Listen. It’s possible that at some stage your screenplay was written by a twelve-year-old; it’s true that your writing/dialogue is that underdeveloped. Perhaps you have plot holes the size of a Costco parking lot. Maybe the poor actors involved in the making of you walked away with a nice paycheck but less credibility. I can conceive of the notion that you are just a bad movie.

But you were more than that to Itoro and I when we were fifteen. You were our favorite thing to sit with on the weekend.

Itoro said you helped us dream, and that’s true.
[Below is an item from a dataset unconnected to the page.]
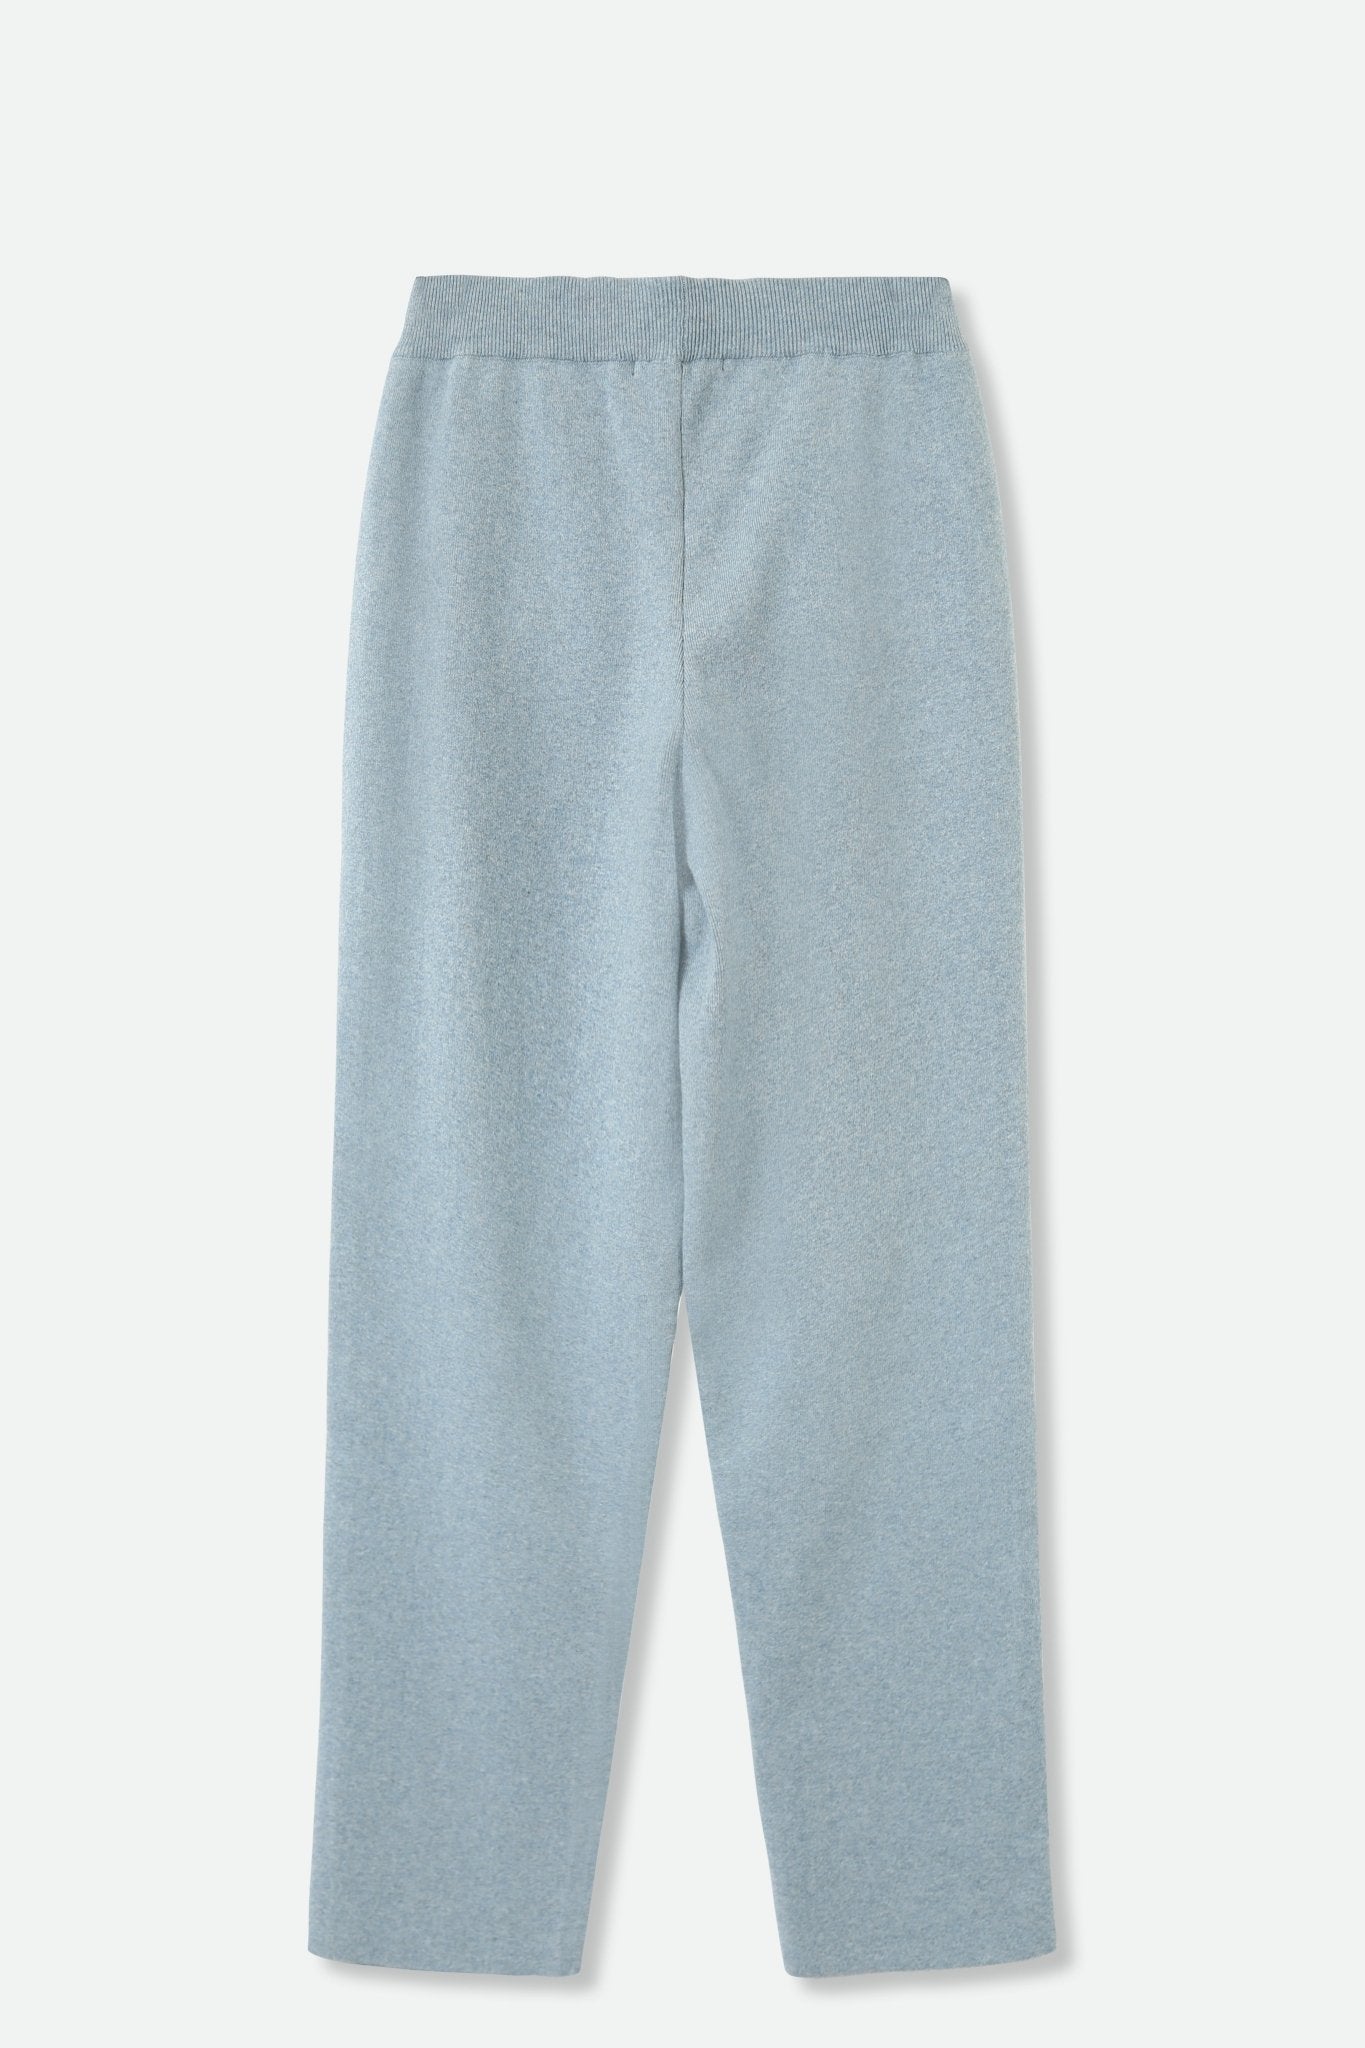 PAIGE PANT IN DOUBLE KNIT HEATHERED PIMA COTTON IN HEATHER MARINE BLUE - Jarbo
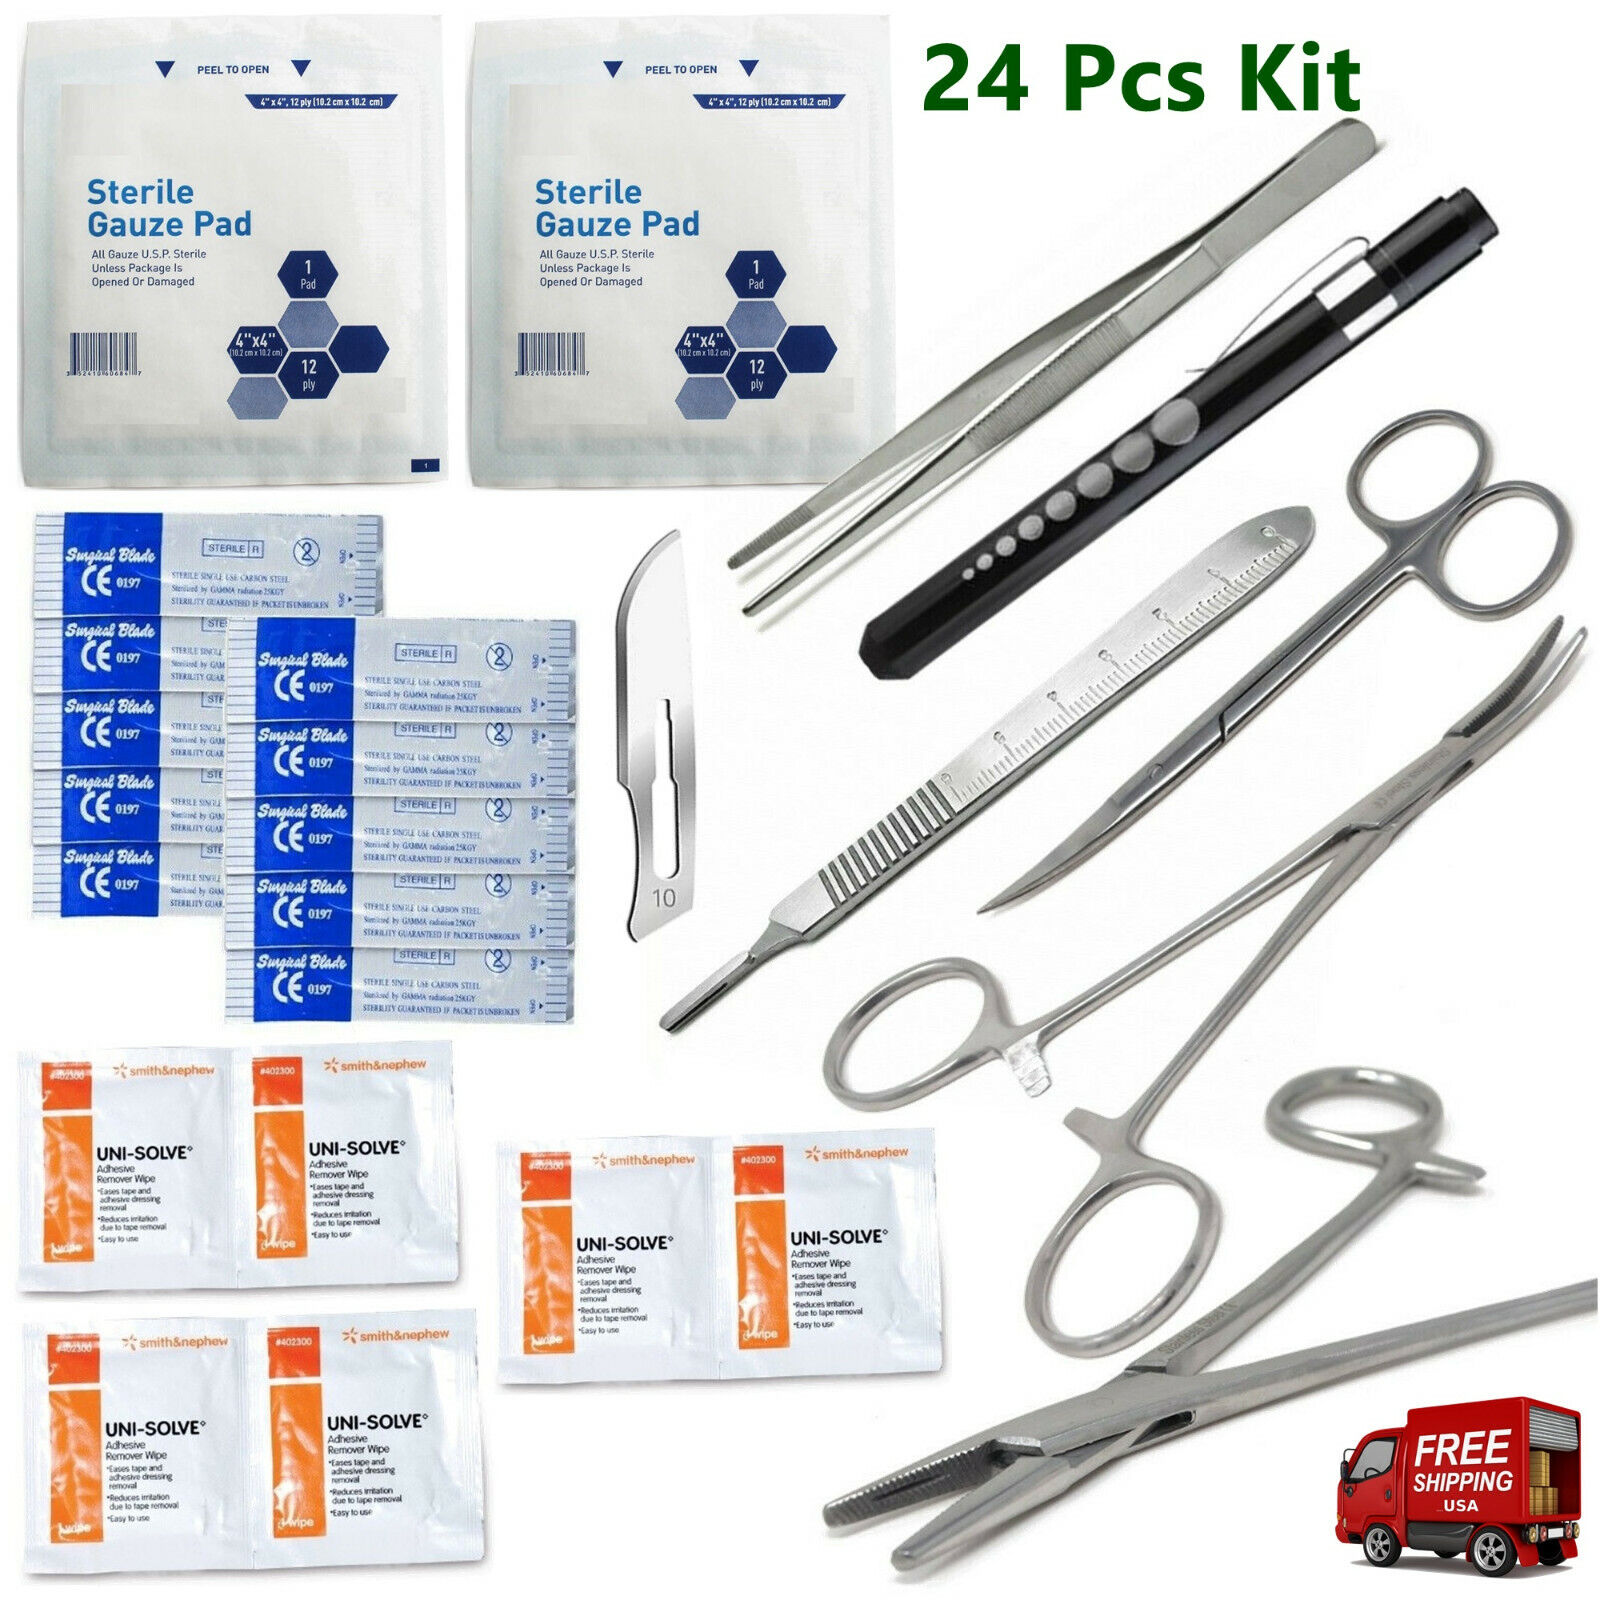 Military Surgical Suture Kit, Suture Set With Scalpel, 24 Piece Kit hti brand Does Not Aaply

Not just about Stuart Townsend and his lily-white complexion that reminded me of an angel, but about stages and flying, and the general world outside our shitty small town.

And yes, I may understand now that Lestat is lily-white because he is supposed to be physically dead, and the fact that I ever found him attractive may be disturbing to me on some level. But when I watched you again, I also remembered that itch I felt to graduate, that desire I had to travel, that deep inner sadness and confusion validated by the music of your soundtrack and Lestat’s general weepiness.

You are the middle child of vampire movies, and coincidentally enough, Itoro and I were middle children, too. Maybe you just got us on some level that we couldn’t articulate yet. I don’t know. But you resonated with us, and for that I thank you. It was very good to see you again.

And, Aaliyah, once more, RIP. We still love you.